The same issue happened to my weeks at The Fairways of the Mountains weeks 26. I was able to get one of my weeks for 2010 returned, but not the other one because it was already gone. Cindy is correct about pulling DVC units because mine did too before May.

Mistakes do happen but it looks as though RCI will not admit it. About five years ago when Foxrun first offered its owners the option of trading through II, I was thrilled until I noticed the Week 52 which I owned traded like a dog and was rated as green. RCI rated it a red week. After contacting II and speaking with them for a few months, they admitted that they had made an error. They did not understand exactly where Lake Lure was located and so rated New Years as a low demand time. The resort had already told me that it was high demand and usually full over New Years at that time. At least II investigated and admitted that they had made a mistake. 

I agree with Cindy that a two bedroom during July in the Blue Ridge or Smoky Mountains should have higher trading power than RCI is offering. But then I guess that is why I don't work for RCI.

Becky


----------



## e.bram (Aug 16, 2009)

Carolinian:
That's OK if you want to go to UK or Ireland. I like to be within reasonable driving disrance from NY metro area(abpout 250 mi.)and waterfromt. DAE is no help.


----------



## rickandcindy23 (Aug 16, 2009)

e.bram said:


> Carolinian:
> That's OK if you want to go to UK or Ireland. I like to be within reasonable driving disrance from NY metro area(abpout 250 mi.)and waterfromt. DAE is no help.



Platinum Interchange will take anything RCI and II have in their directories.  I think Trading Places Maui will take anything, but they need to get someone to take the exchange before they give you a credit, if they haven't ever had a deposit from your resort.  I don't know why that is, it just is.  
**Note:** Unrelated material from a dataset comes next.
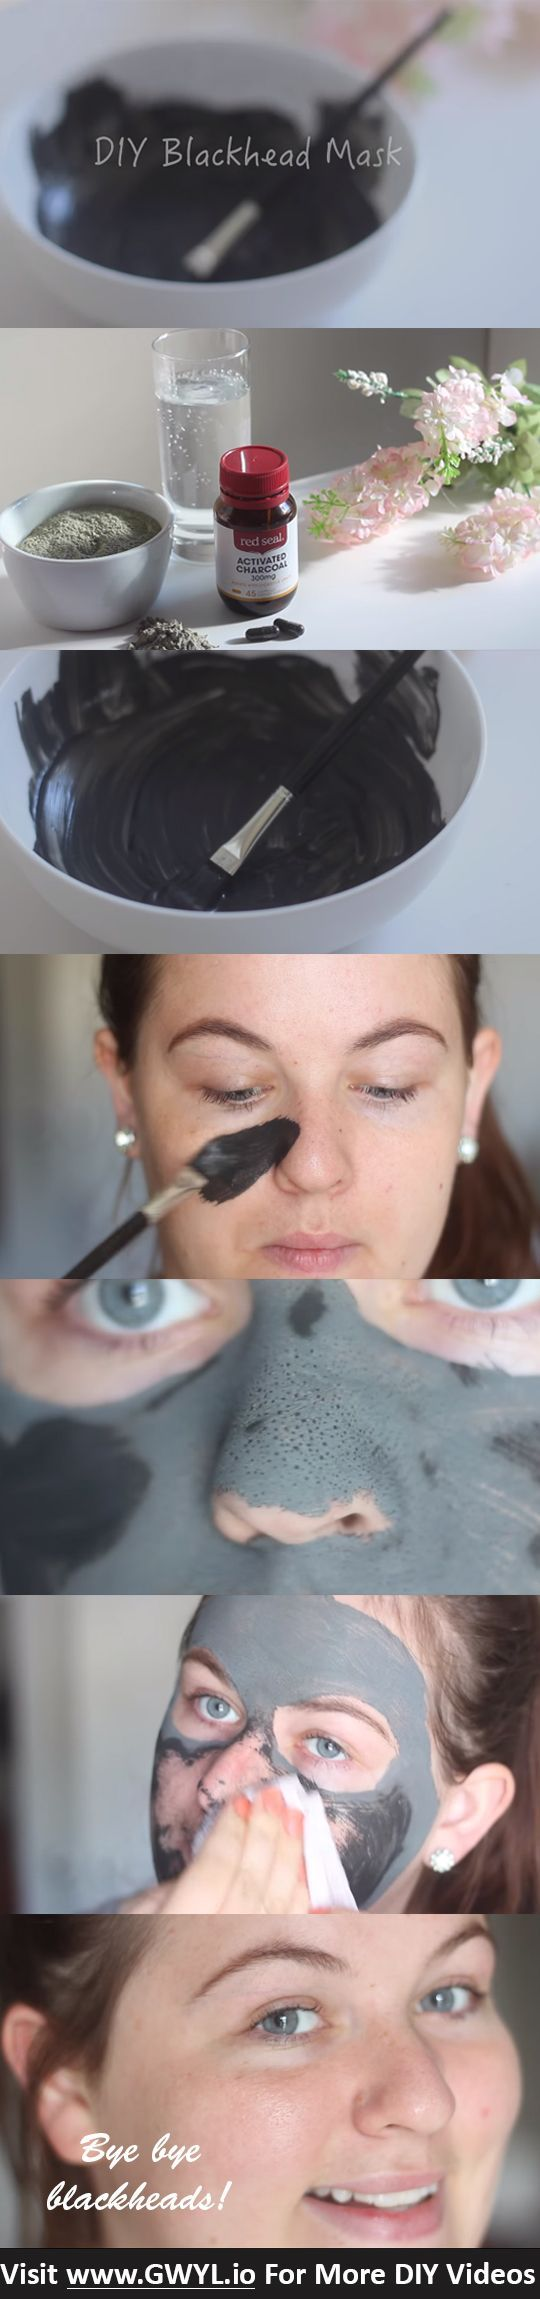 pig nose blackhead strip instructions

You can try emailing several of the others and see what they can do for you.


----------



## shar (Aug 17, 2009)

I have documented to RCI that there has been a recent problem with a resort that has been a great trader.  I have the 2010 week deposited for 11 months.  This week is a red summer beach week for the 1st of August.  In checking I have always been able to pull up the home resort for summer months.  In June I deposited the exact same week and same unit for 2011 which would have been 13 months in advance. It seems to me that week should have traded as well as or even a bit better then the one deposited 11 months in advance.  It traded as well as a week that I had deposited 2 months in advance.  Even worse I can no longer pull any summer units at my home resort including the week I had deposited.  The resort management company verifed to RCI that the MF were paid. RCI said they had no idea why I could not pull the week up with either of the deposits from the home resort.  They verified it had not been taken, but they did not know "where it was".  After talking to them about this they only came back with you should be able to pull up plenty of nice vacations with your weeks".  Running an exact time by time comparison the 2011 deposit placed earlier (in advance 13 months) had significantly less pull then the 2010 (in advance 11 months).  I told them to give me back my week 2011 since it had not been taken and they could not tell me where it was.  I suspect that they were going to keep for rental.  It is also apparent that this resort is no longer giving preferentail treatment to owners in pulling deposits for summer weeks.

Shar

P.S. RCI claimed to have researched this problem but offered no answer as to what was going on here and why a deposit could not pull itself up when their system said it had not been taken.


----------



## rickandcindy23 (Aug 17, 2009)

Shar, I can empathize!  Having the exchange power drop for weeks already in RCI and taken by another exchanger is a horrible feeling.  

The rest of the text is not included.